I trust this helps - let us know how you go.


----------



## kasgeek (Mar 23, 2009)

I'm from London

I was thinking this new, it's nice and simple

http://www.amazon.co.uk/LINDY-Case-...?ie=UTF8&s=electronics&qid=1237977224&sr=1-50

Acually I really like this one

http://www.pccasegear.com/index.php?main_page=product_info&cPath=9_511&products_id=6786

And this one

http://www.pccasegear.com/index.php?main_page=product_info&cPath=9_511&products_id=6702

My point being I need to know how physically install it before I buy it

Thanks for the help so far!


----------



## kasgeek (Mar 23, 2009)

Actually LOL
I want this one

If you guys can explain how to install it, that would be great, my specs are in the first post


----------



## derek_jones_36 (Nov 9, 2008)

Those are actually pretty easy to install. Just pull out the metal peice in the 5.25" bay area and slide the fan unit in and then secure it with whatever screws they provided. I believe you should have one connection going to the motherboard with only one wire coming from there so you can view rpm's on your system. Then there's a second wire leading to the Power Supply. Just make sure you have enough room to work in the case. Make sure of course to have absolutely everything powered OFF for this. That should be about it for that. Most of those fan controller manufacturers include pretty simple install guides. Shouldn't be too hard. Good Luck. Any More questions feel free to ask

Jones


----------



## sethy666 (Feb 11, 2008)

Which one? you didnt put in a link 



> Actually LOL
> I want this one


If you have one in mind, as I said, google for reviews and a few have online installation guides so you can get a handle on how easy the install will be. 

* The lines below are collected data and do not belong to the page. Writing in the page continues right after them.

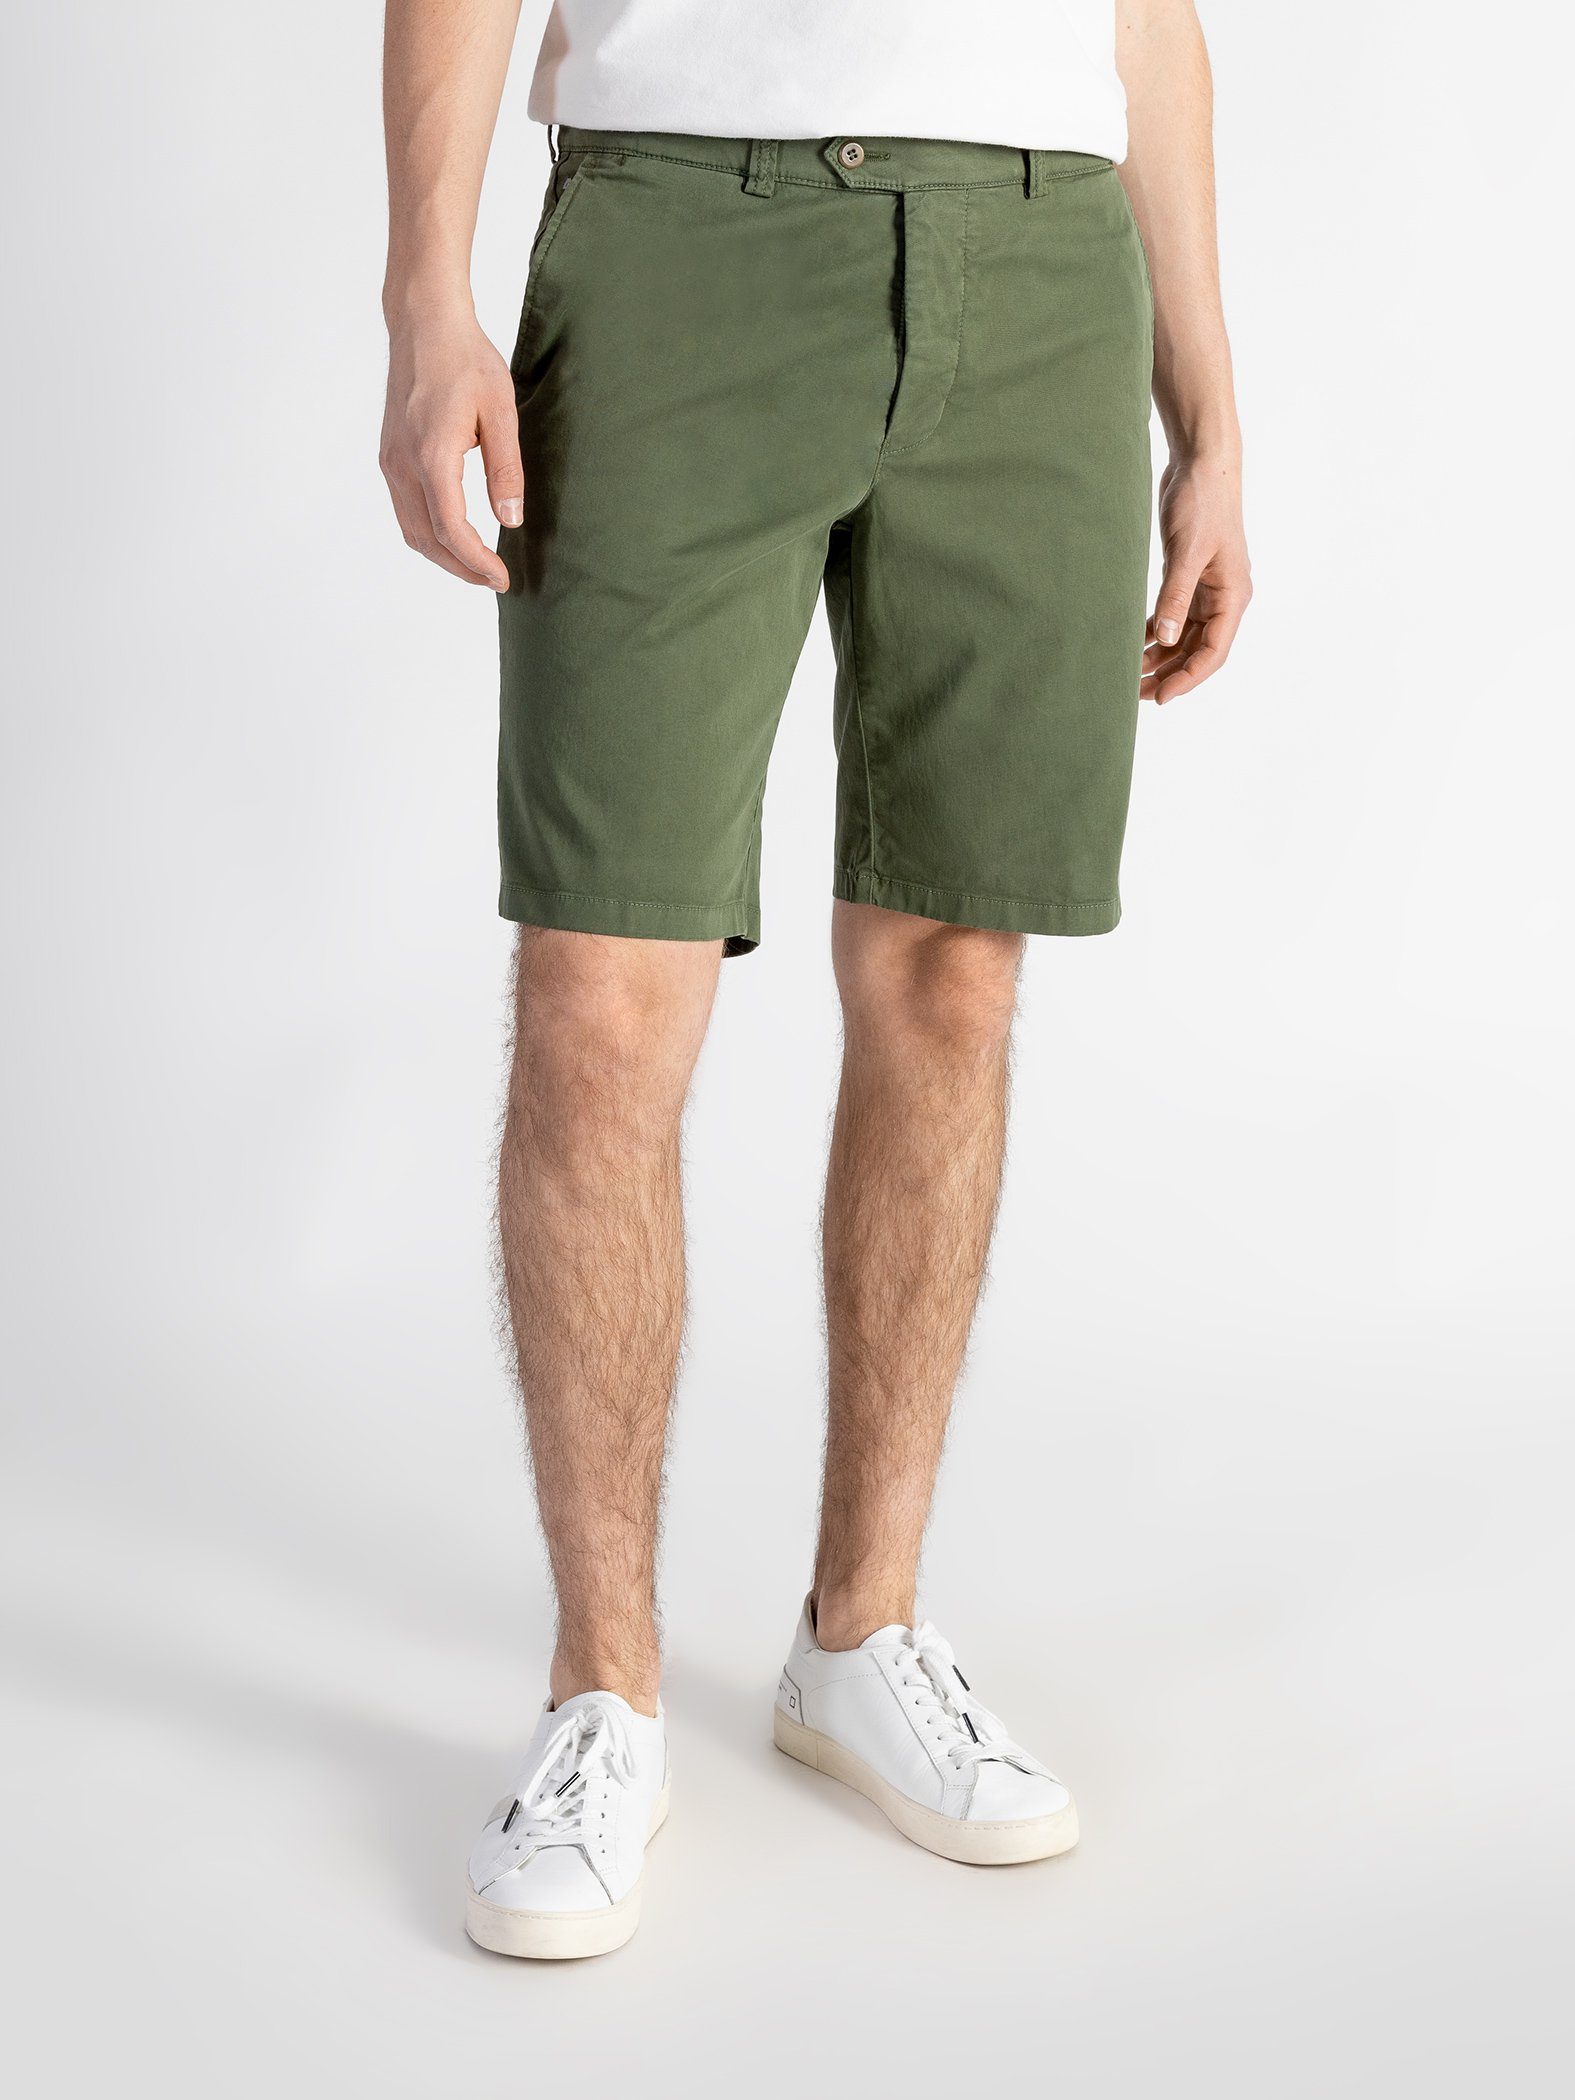 Grün Bund, TwoMates GOTS-zertifiziert Shorts Farbauswahl, Shorts mit elastischem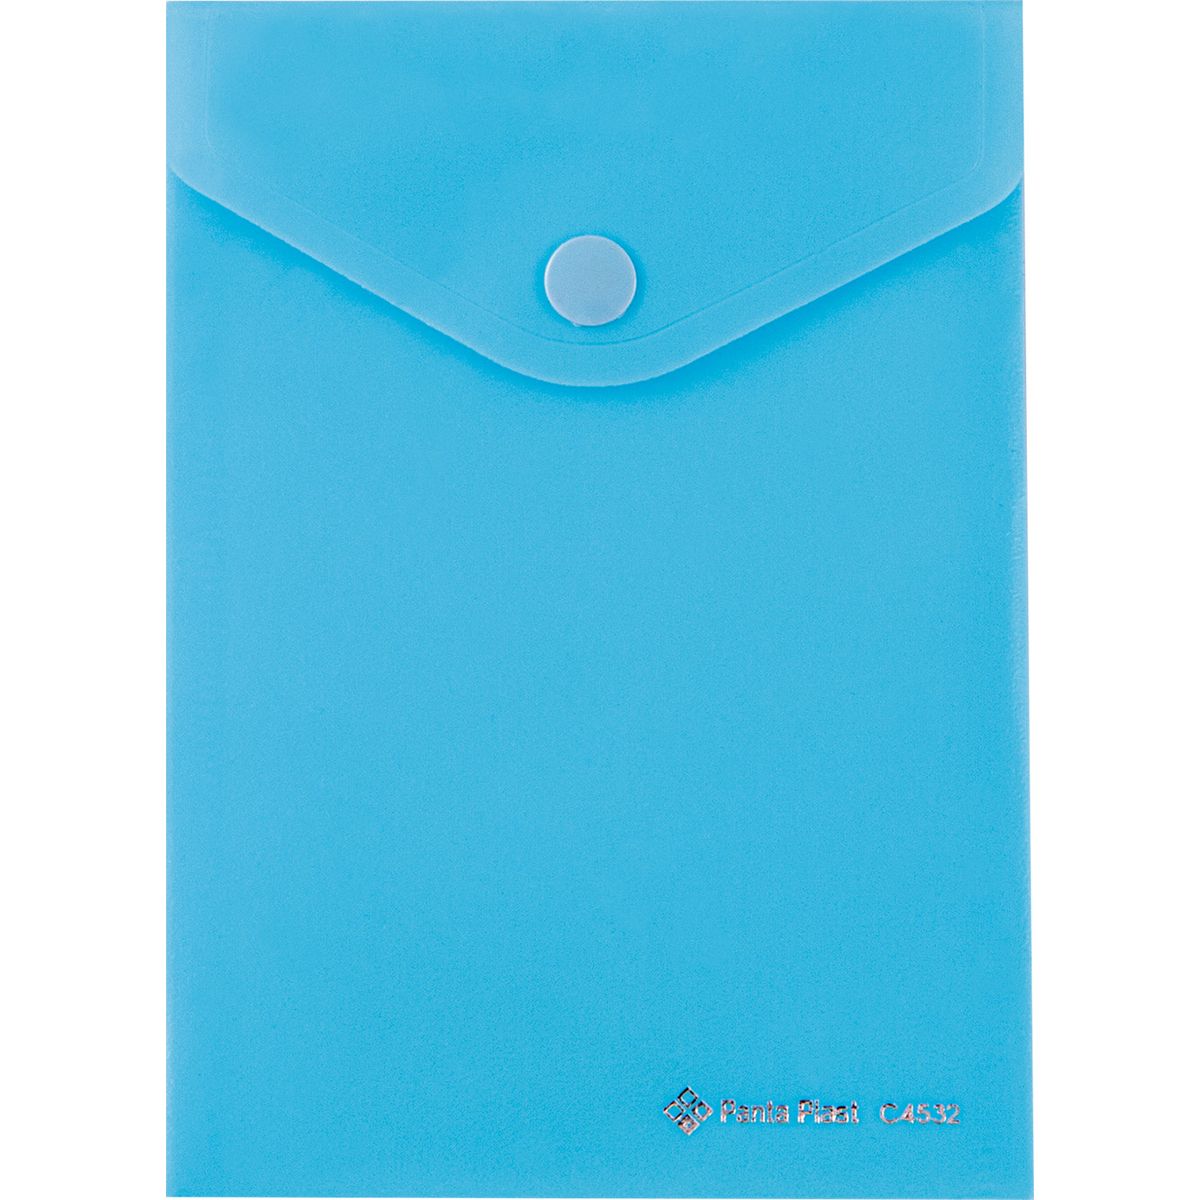 Teczka plastikowa na zatrzask A6 niebieski Panta Plast (0410-0052-03)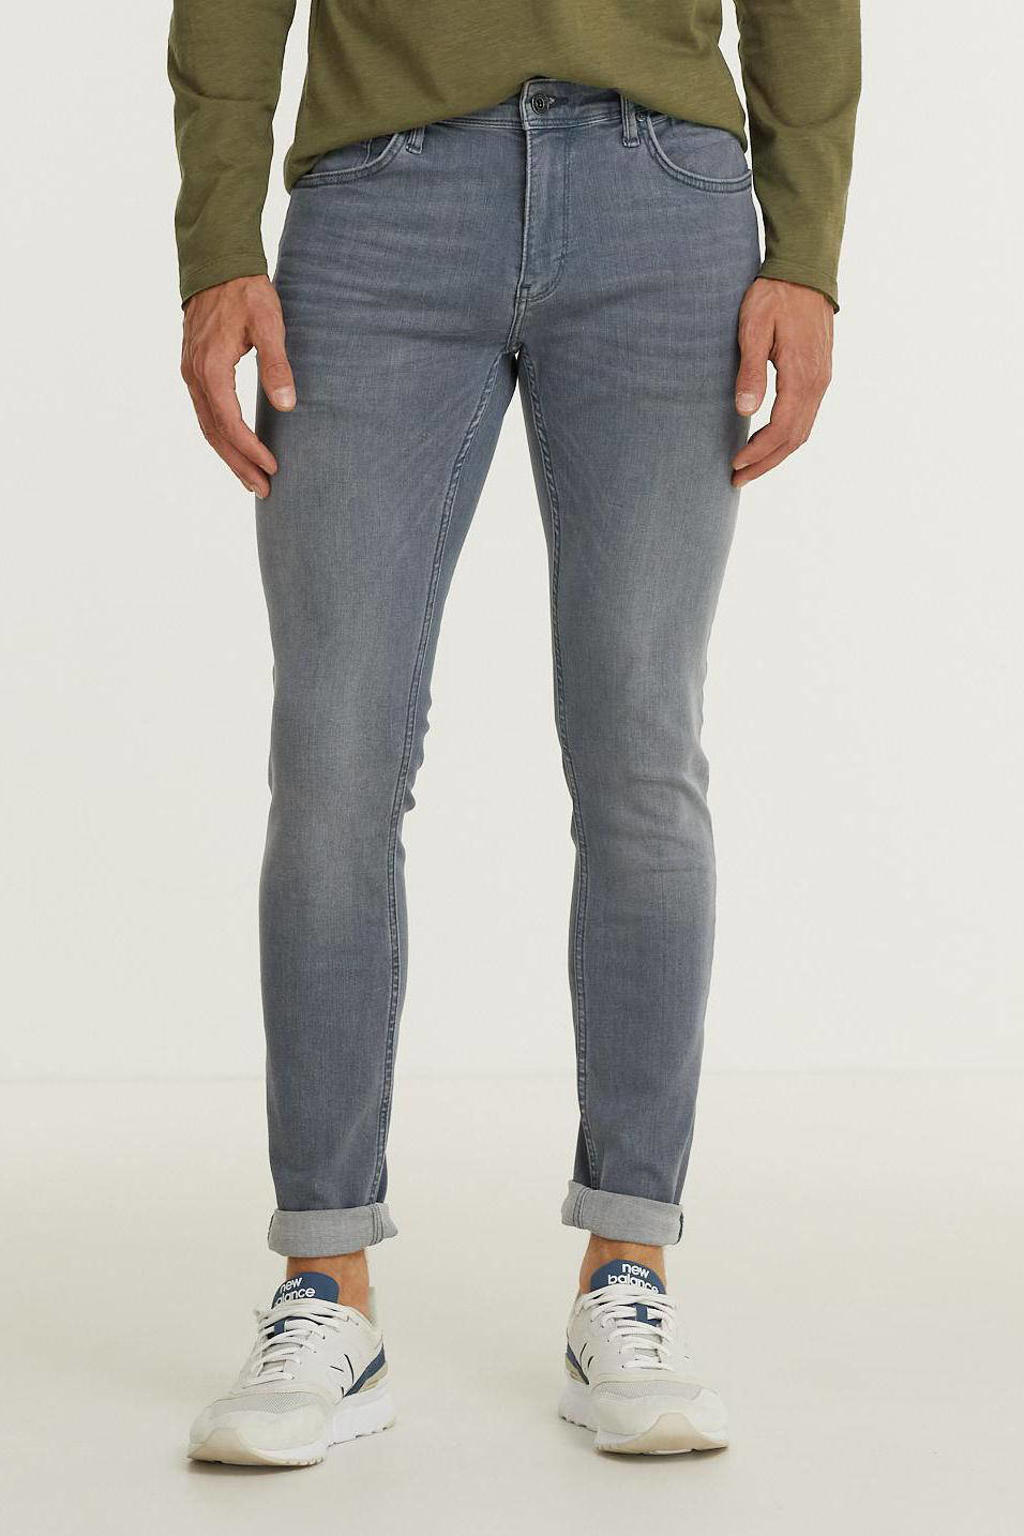 Purewhite skinny jeans The Jone W0160 blauw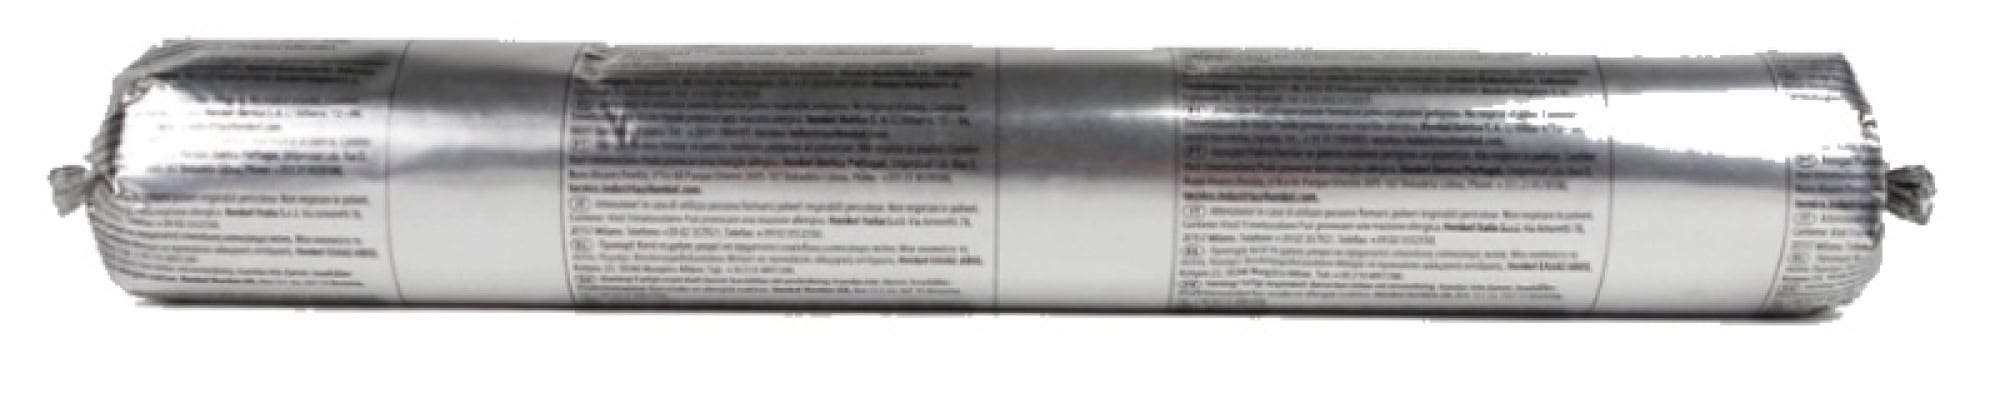 Henkel™ Teroson® Silanmodifizierter Polymer Kleb-/Dichtstoff  MS 939, 570 ml Folienbeutel, Schwarz, Thixotrop, 1K, 2436359, Für mechanische Sicherheit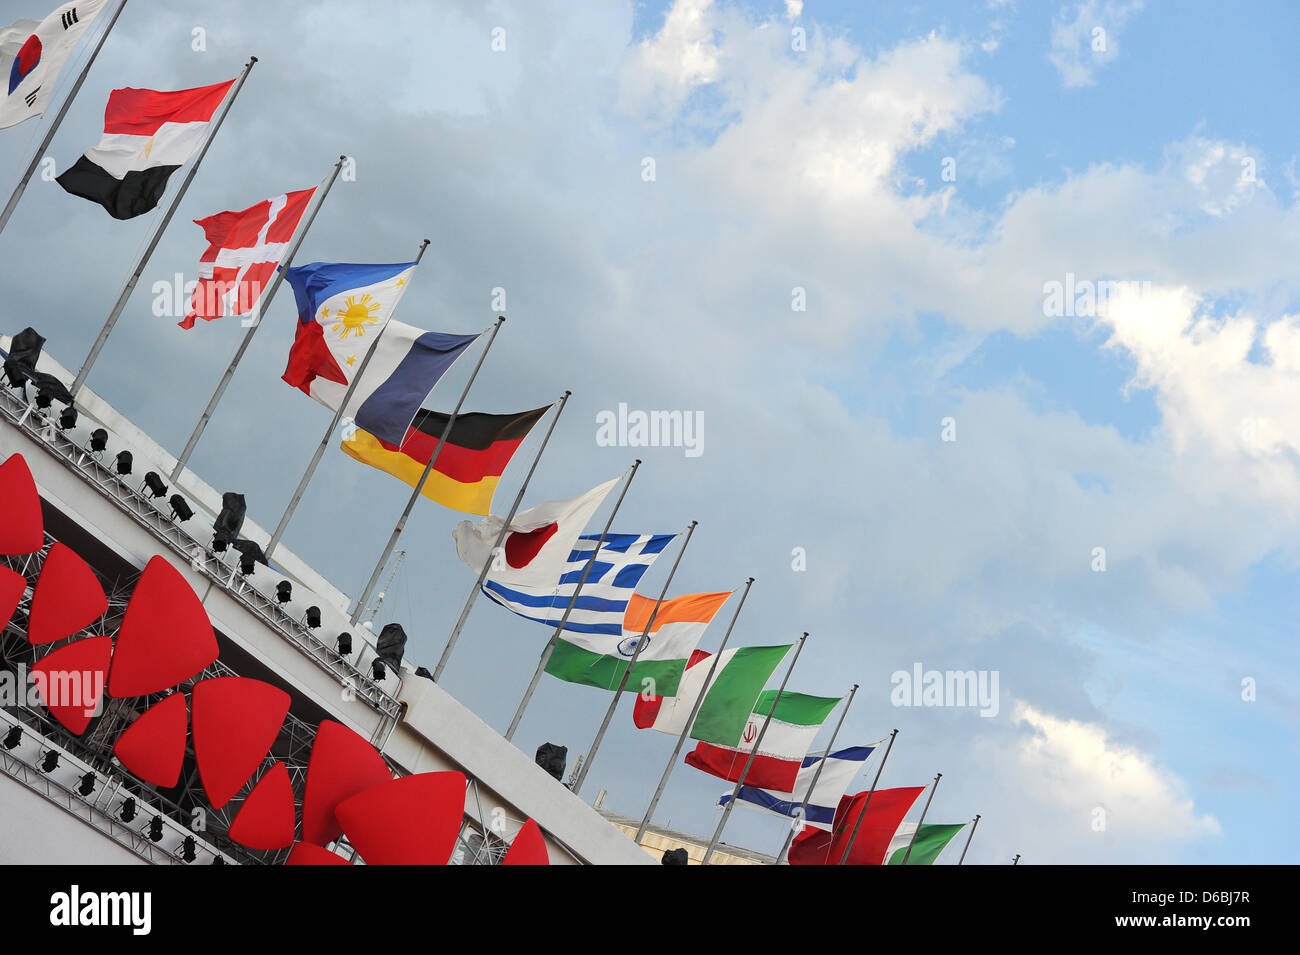 Varias banderas nacionales se publican en el Palazzo del Cinema en el centro de la 69ª Mostra de Venecia, Italia, el 31 de agosto de 2012. Foto: Jens Kalaene Foto de stock

With any piece of gear for your PC, a few minutes reaseaching can save a whole heap of dramas and dollars


----------



## derek_jones_36 (Nov 9, 2008)

True enough. I will troll for one.

Jones


----------



## derek_jones_36 (Nov 9, 2008)

http://www.tomshardware.com/forum/245682-28-controller-antec-case

http://www.smartcomputing.com/Edito...cle=articles/2004/w1510/40w02/40w02.asp&guid=

http://www.overclock.net/air-cooling/357280-how-install-fan-controller.html

Let me know if this helps

Jones


----------